С давних времен на Дону осело коренное донское казачество, жившее военной добычей и рыбными промыслами. Население пополнялось выходцами из Московского царства, промышленниками, купцами. Казаки осели на освоенных ими местах, обзавелись хозяйством, и "враги всякого порядка, были не прочь поддержать последний, если только он соответствовал их видам и интересам".

Много крестьян, посадских, холопов бежало на Дон. Казаки принимали всех и никого никогда не выдавали – любое казачество на Дону, Днепре, Волге и Яике было создано беглецами.

Ко второй половине XVII века Тихий Дон переполнился множеством беглых, не чуравшихся грабежа. Пришлые мешали налаженной казацкой жизни, ссорили казаков с московским правительством. Казацкое войско получало из Москвы денежное содержание, хлеб, оружие, порох, свинец. Голытьба не считалась с установившимися на Дону традициями.

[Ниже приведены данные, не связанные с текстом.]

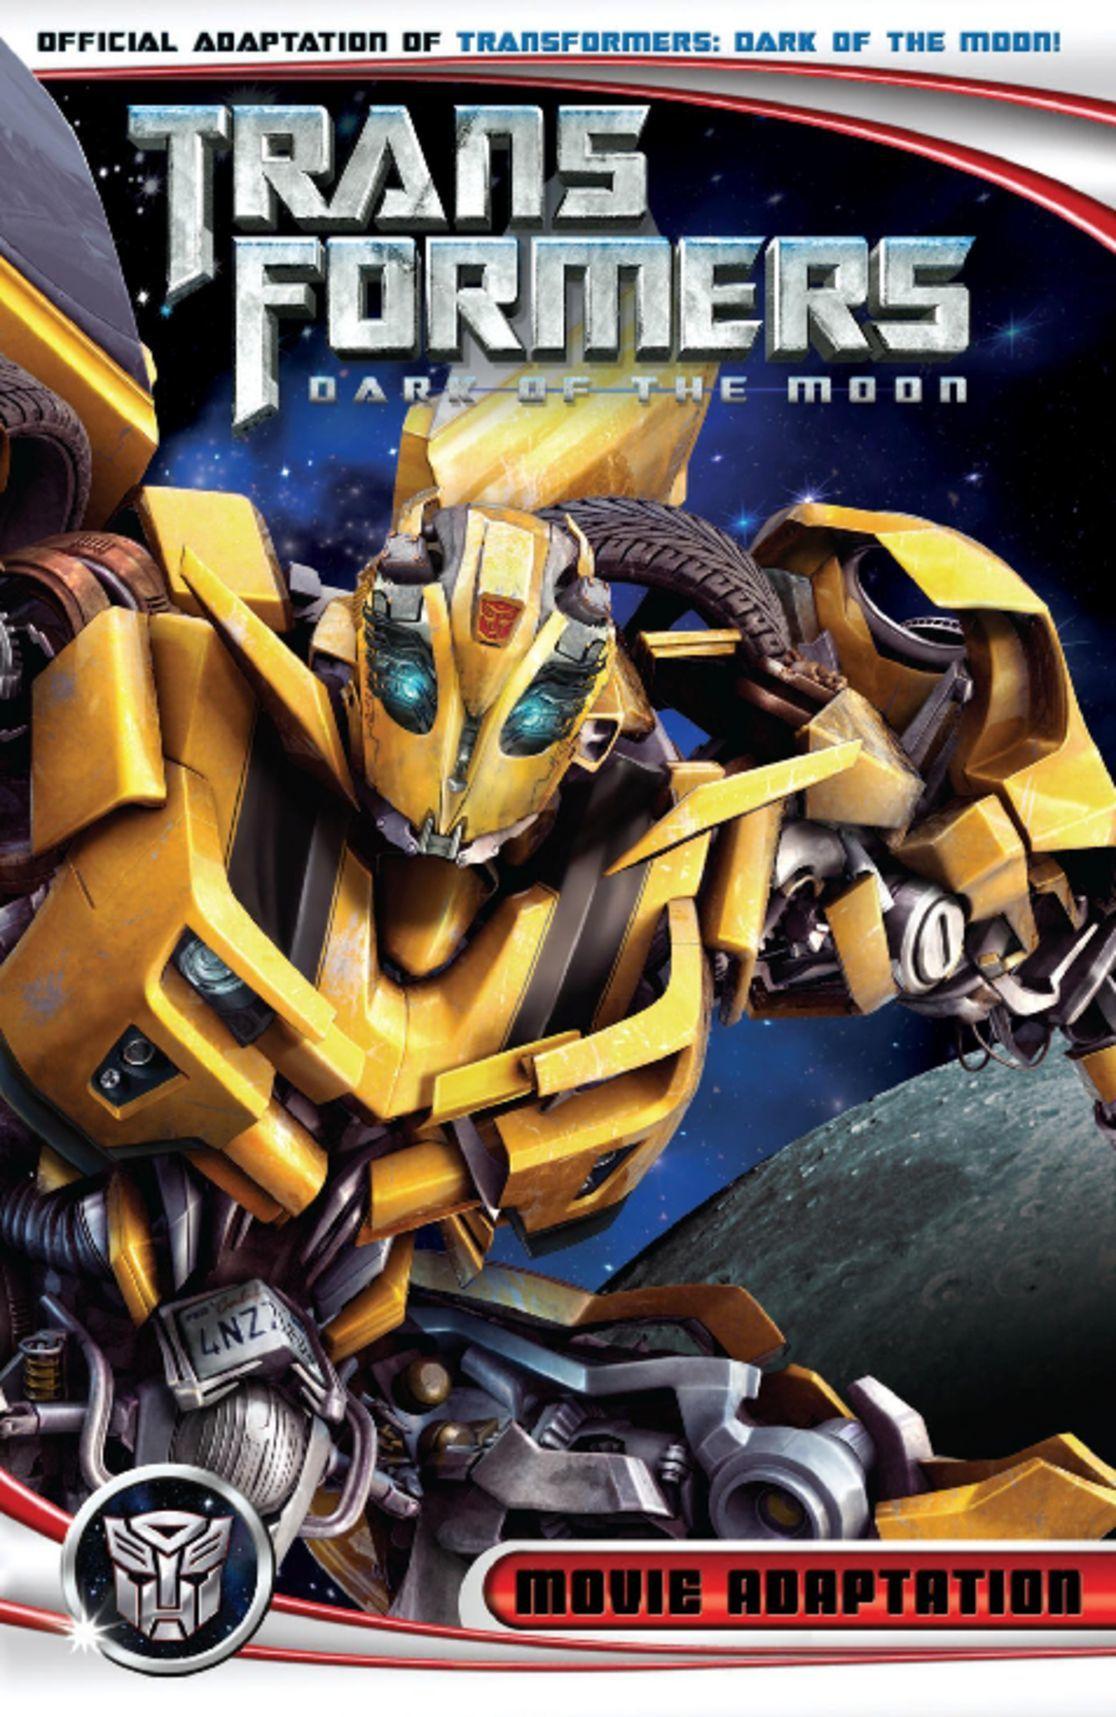 Transformers 3 Movie Adaptation Dark of the Moon Digital

Привозного хлеба не хватало, и в 1667 году на Дону чуть не возник голод. Единственным выходом стал поход за военной добычей. Черное море было блокировано турками, оставалась только Волга. Разбойничьи шайки уже несколько десятилетий "действовали" на Волге, совершая "походы за зипунами". Туда и отправился с Дона отряд казаков и голытьбы во главе с "начальным человеком Стенькой Разиным". Разграбив несколько торговых караванов на Волге Разин совершил успешный грабительский поход в Турцию. Разграбив персидские берега казаки Разина с богатой добычей вернулись на Дон – в 1669 году. С.Ф. Платонов писал:

"На Дону Разин стал пользоваться громадным значением, так как слава о его подвигах и богатствах, награбленных казаками, все более и более распространялась и все сильнее и сильнее привлекала к нему голутвенных людей".

Слава и количество отрядов Разина росли по мере увеличения количества грабежей и добычи. Историк Н.Н. Фирсов писал:

"Как личность Разин был заметен в толпе, и сразу мог обратить на себя внимание. Его физическая мощь, его быстрая сметливость, энергия и несокрушимая, но сокрушительная воля делали это внимание длительным, привычным для толпы, а оно-то и было психологическим источником его обаяния и власти. Толпе начал казаться он человеком, отмеченным особой властью, знающим воеводство, колдуном, которого ни сабля, ни пищаль не возьмет, а он возьмет все, что захочет".

Царские воеводы попытались – по персидским жалобам – разоружить разинцев и отобрать награбленное на Каспийском море – "отдайте дары, шаховы и купчинины товары и всякие пожитки сполна, да и полонных людей отдайте". Персидские власти упрекали царских воевод в неумении и нежелании унять разбойников. Ответ чиновников был поразителен: "Эти казаки – холопы великого государя, а не разбойники: уже вина им отдана. Что взяли они грабежом ясырь и имущество на войне, так это зачтено им в жалованье и до того нет никому дела". Разин понял, что его боятся – "чтоб он вновь шатости к воровству не учинил и не пристали бы к его воровству иные многие люди". Степан Разин заявил, что казаки – сила, раз их так боятся власти. Сохранилась гневная речь Степана Разина к астраханскому воеводе князю Презоровскому:

"Как ты смел придти ко мне с такими непочтительными словами – чтобы я выдал друзей своих, которые ко мне пристали ради любви и приятства. Вы еще смеете грозить немилостью – я не боюсь ни воеводу, ни того, кто повыше его. Воевода дурак и трус. У меня силы и власти больше, чем у него. Я не холоп, а вольный человек. Я расплачусь с этими негодяями, как следует расплачусь".